About this exercise — Return the full listing character for character, without its pictures.

Source data —
:::::

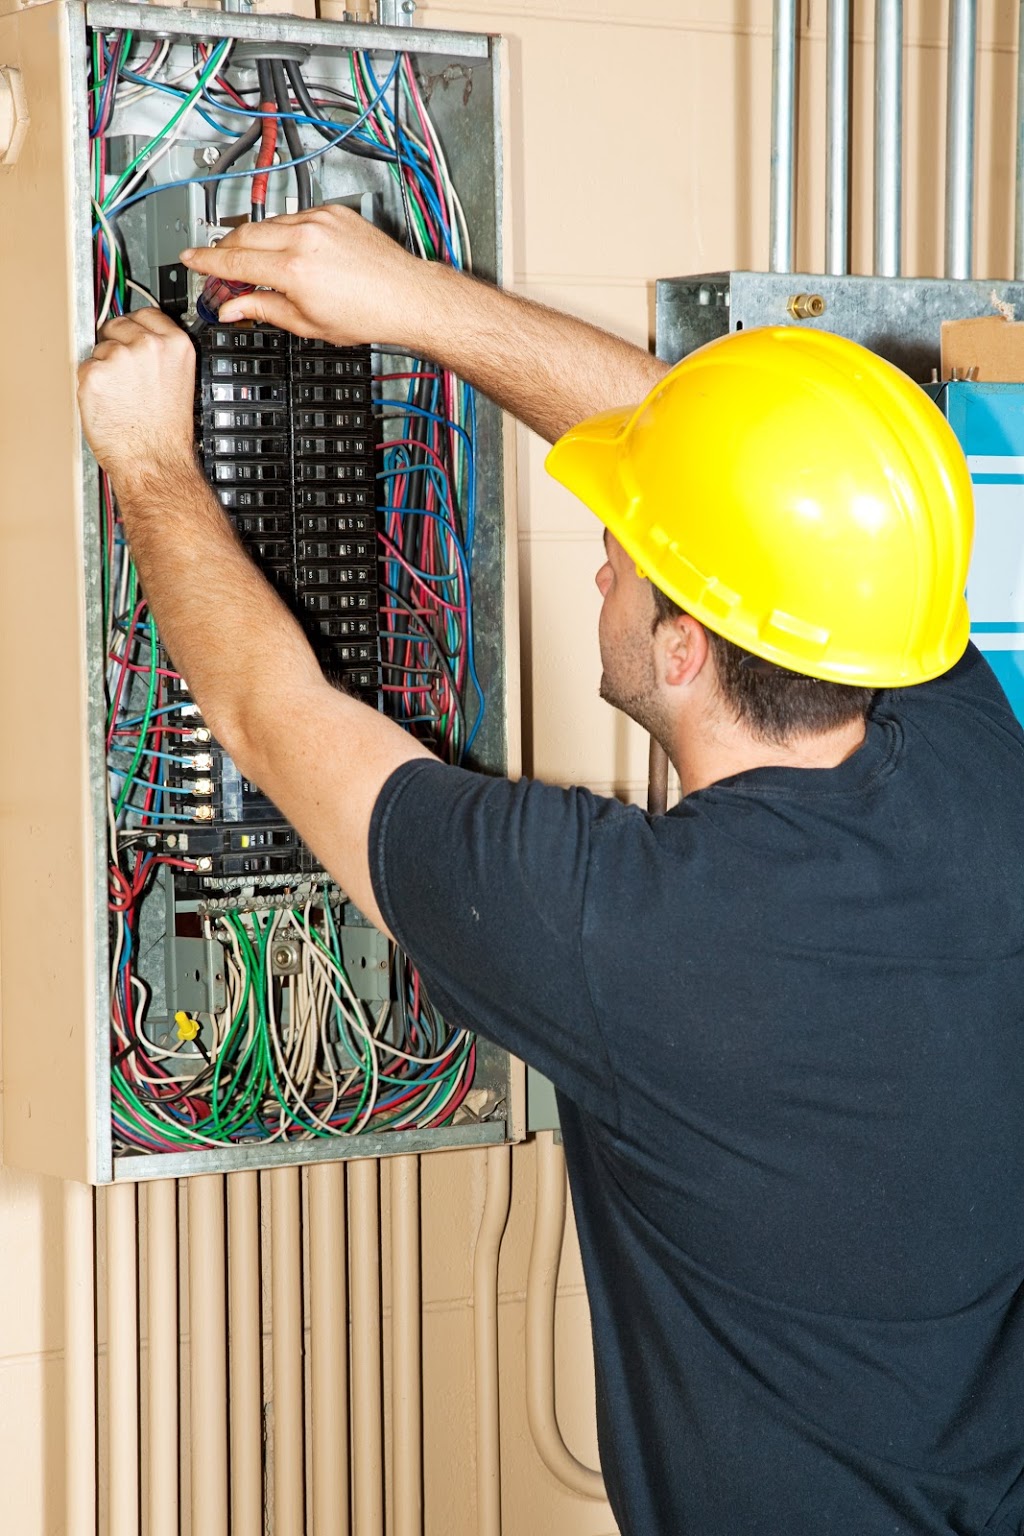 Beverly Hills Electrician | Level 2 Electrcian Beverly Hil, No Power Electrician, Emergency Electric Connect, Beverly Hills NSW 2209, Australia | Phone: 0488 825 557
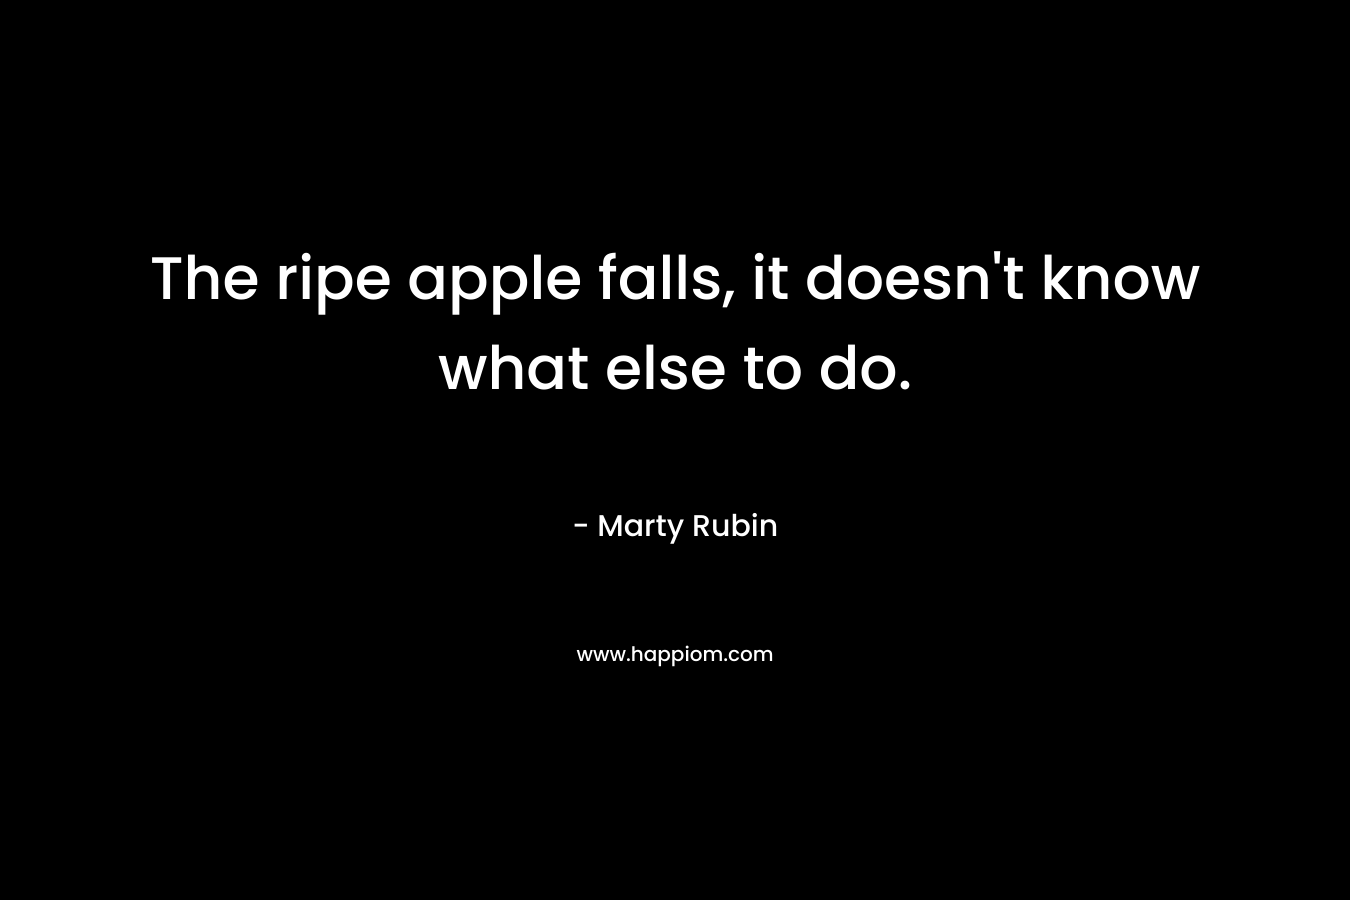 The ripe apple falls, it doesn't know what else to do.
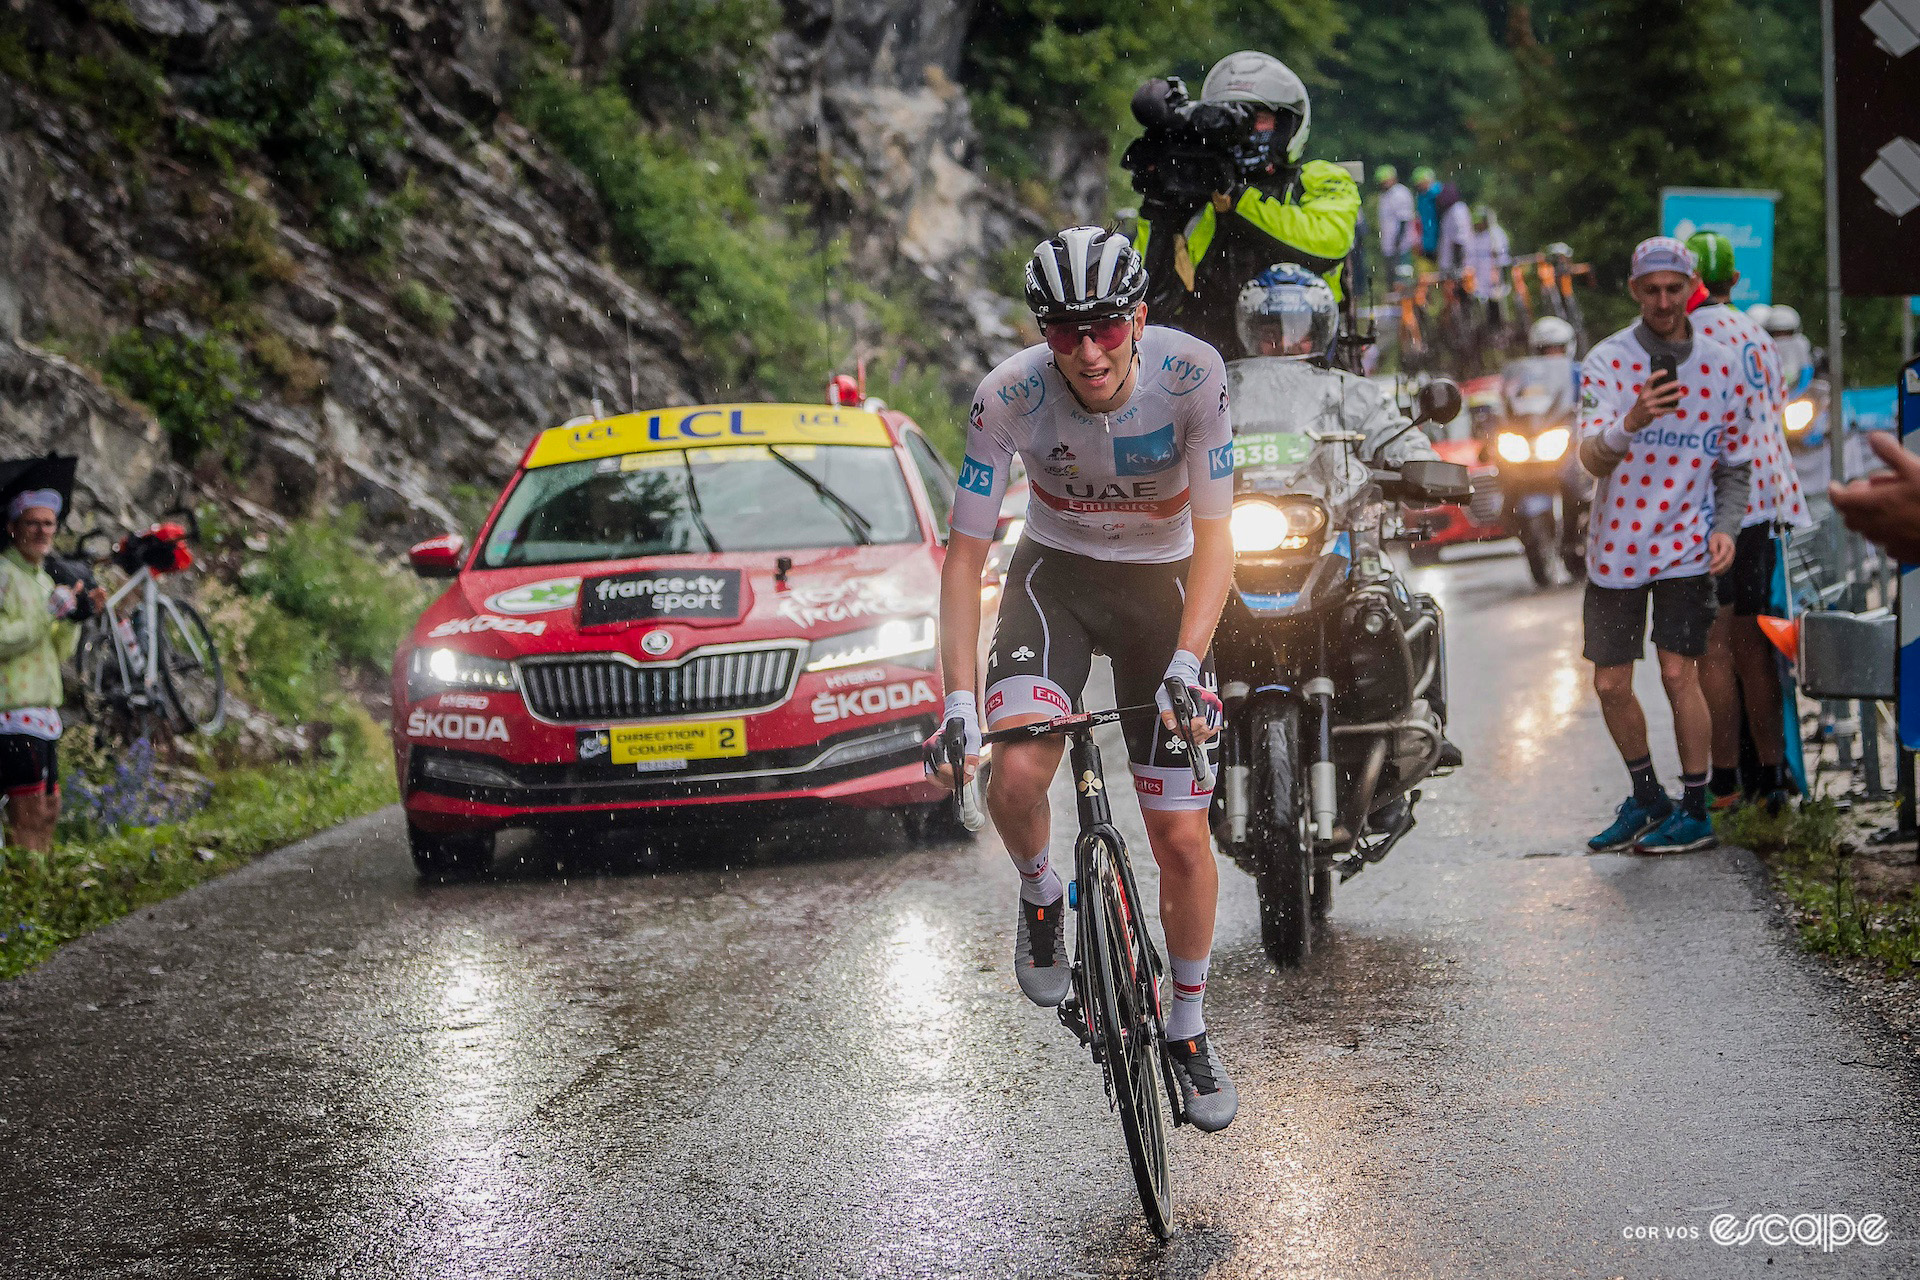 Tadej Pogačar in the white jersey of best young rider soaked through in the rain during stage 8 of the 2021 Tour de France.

:::::

Response area —
 Beverly Hills Electrician | Level 2 Electrcian Beverly Hil, No Power Electrician, Emergency Electric Connect, Beverly Hills NSW 2209, Australia | Phone: 0488 825 557
 The ripe apple falls, it doesn't know what else to do.
 Tadej Pogačar in the white jersey of best young rider soaked through in the rain during stage 8 of the 2021 Tour de France.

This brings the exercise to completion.